4 egg whites (real eggs, not Cadbury, though that would make a very interesting addition)
1 1/4 cups of sugar
3 sticks of room-temperature butter
1 teaspoon of vanilla.

I halved the recipe and put the eggs and sugar into a metal bowl over simmering water. You're supposed to whisk it constantly while waiting for it to heat to 160. I'm not exactly sure how you're supposed to measure the temperature while you're engaged in whisking, but I did the best I could.

After it reached the Temperature of Safety, I removed it from the heat and beat it for at least 5 minutes on high, "until it's fluffy and cooled," before adding the butter one lump at a time. Then, vanilla. Voilà, super-tasty, very, very bad for you frosting.

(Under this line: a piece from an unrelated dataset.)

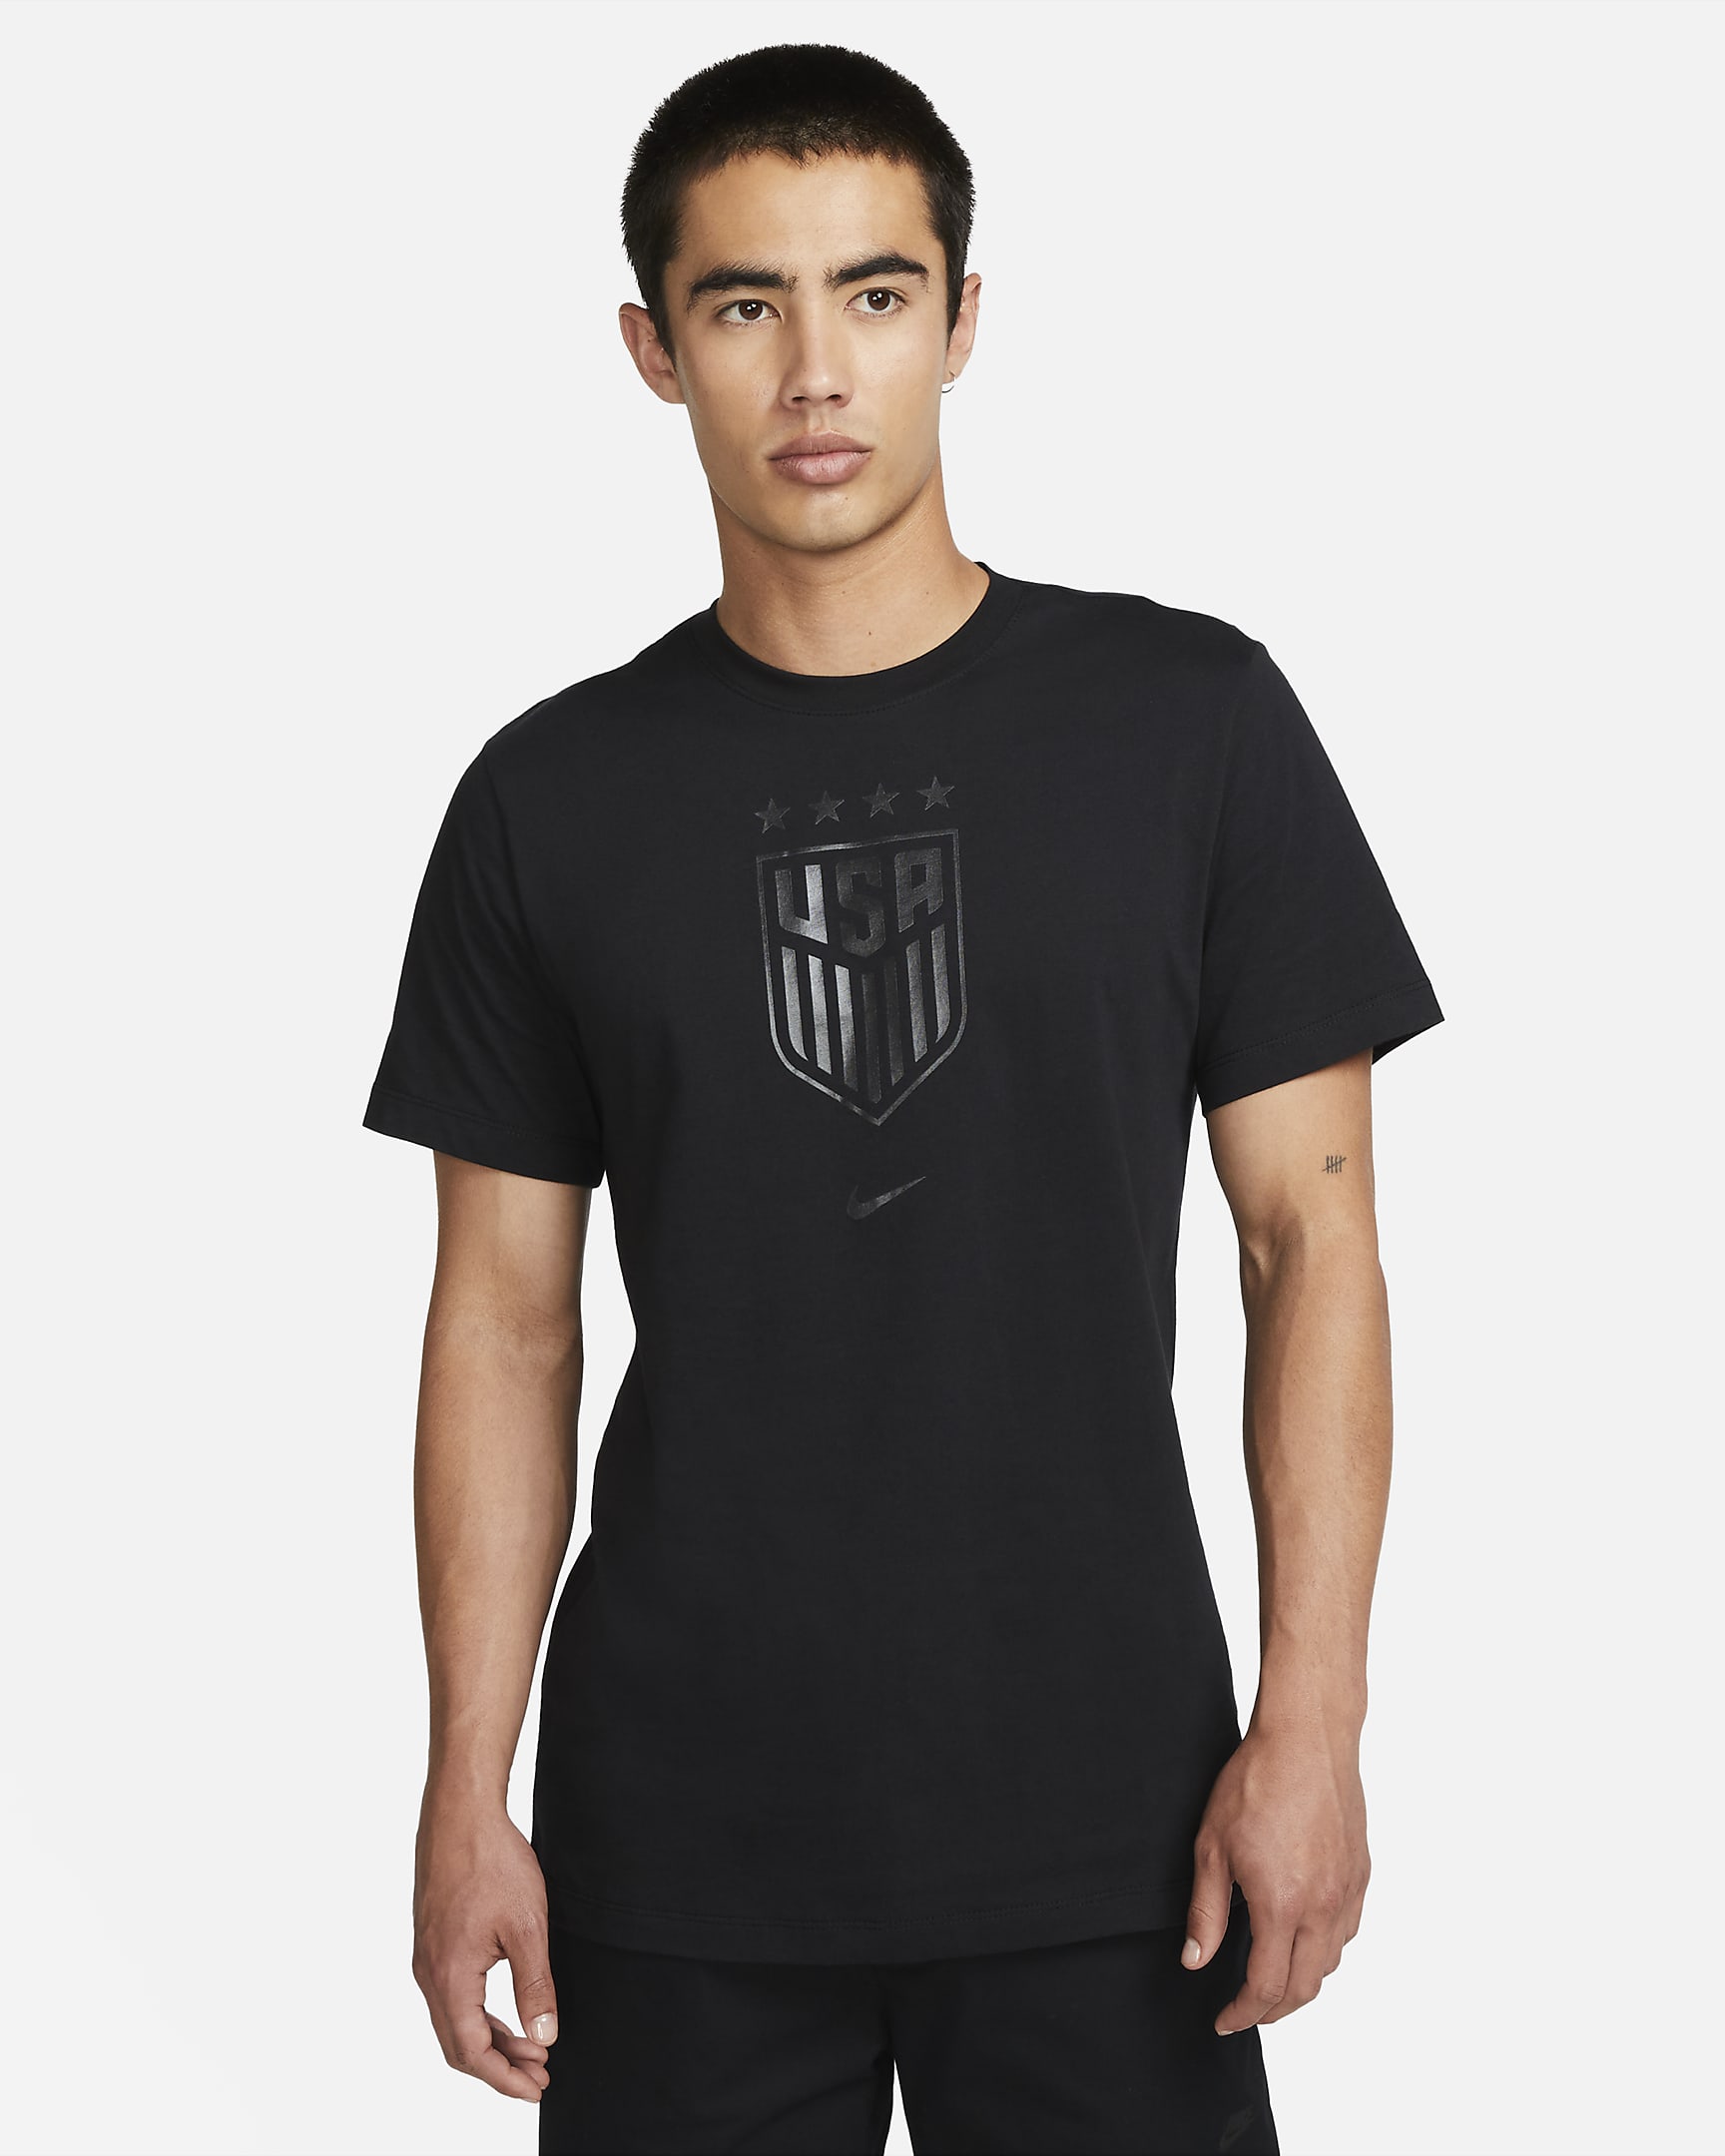 U.S. (4-Star) Men's Soccer T-Shirt. Nike.com

It was time to deal with the eggs. So that the insides seem more like real eggs, you're supposed to melt the Cadburys just slightly before applying them. I put them on parchment paper in an oven that was heating (for another purpose) to 375, because I believe that parchment paper means you don't have to wash the pan later. (I also think this about kitchen floor mats and sweeping). After only a minute, the eggs were very melty, and I discovered something: just like regular eggs, if you hold the Cadbury Creme Egg at the top and bottom tips, it won't shatter (though you will get a considerable amount of melted chocolate on your fingers, which will make you start to think this is the Best Idea Ever).

So, the eggs went onto the muffins:

Then came the frosting, and here's the finished product, complete with red sprinkles and Peep overseer:

Now, there's one problem here that I feel CakeSpy/SeriousEats didn't address, which is the unpredictable length of a full-on holiday Catholic Mass. So, by the time my taste-tester arrived (no way was I eating this unsupervised), the eggs had hardened again, which meant no gushing yolks.

That's all right, though, as what we basically learned was that it was better to avoid the sugar-bomb centers of the eggs altogether and instead enjoy the doughnut-buttercream-strawberries combo with a hint of chocolate. It's a little less sinful that way, but it's also less likely to encourage your stomach to make the ultimate sacrifice.